Este caso se da raras veces en nuestros días. Pero
la situación es idéntica, e incluso mucho más grave, cuando me convierto a mí
mismo en espectador de mi propia oración, cuando rezo delante de mí mismo, bien
goce de este estado de cosas como un espectador satisfecho, o bien, asombrado y
avergonzado, me sorprenda en este estado. La publicidad de la calle es sólo una
forma más ingenua de la publicidad que me creo a mí mismo.

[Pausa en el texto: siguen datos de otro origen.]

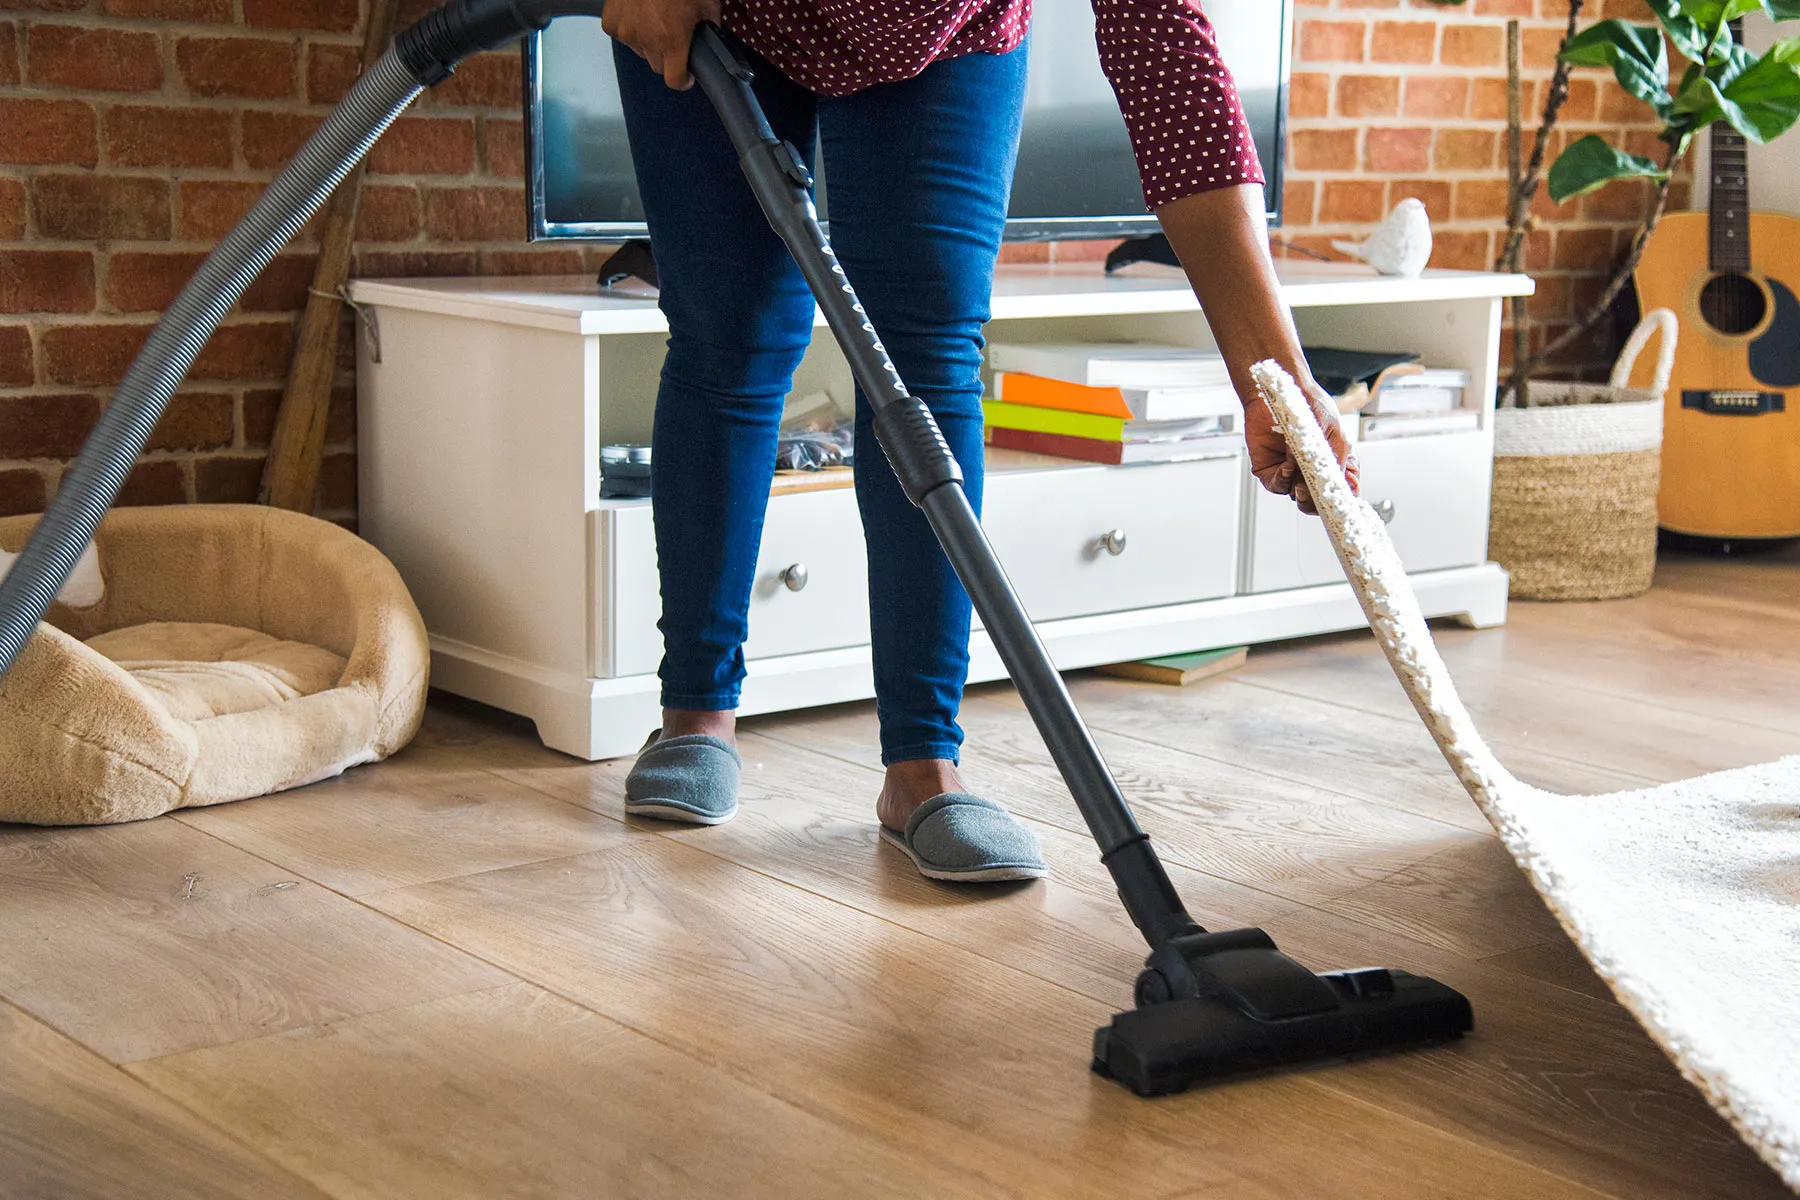 photo of woman vacuuming floor

Incluso en mi aposento puedo organizarme
una enorme manifestación. !Hasta tal punto, podemos desfigurar las palabras de
Jesús! La publicidad que me busco a mí mismo consiste en el hecho de que soy, a
la vez, el que reza y el que escucha. Me escucho a mí mismo, me ruego a mí
mismo. Como no quiero esperar a que Dios me escuche, como no quiero que Dios me
muestre, un día, que ha oído mi oración, me decido a escucharme a mí mismo. Constato
que he rezado con piedad y en esta constatación radica la satisfacción del
ruego. Mi oración es escuchada. Tengo mi recompensa. Por haberme escuchado a mí
mismo. Dios no me escuchará, por haberme dado la recompensa de la publicidad, Dios
no me dará otra recompensa.
¿Qué significa este
aposento del que habla Jesús, si no estoy seguro de mí mismo?
¿Cómo puedo
cerrarlo con bastante solidez para que nadie venga a destruir el secreto de la oración
y a robarme la recompensa de la oración secreta? ¿Cómo protegerme de mí mismo,
de mi reflexión? ¿Cómo destruir la reflexión con mi reflexión? La respuesta es:
el deseo que tengo de imponerme a mí mismo, de una forma o de otra, por medio
de mi oración, debe morir, debe ser destruido.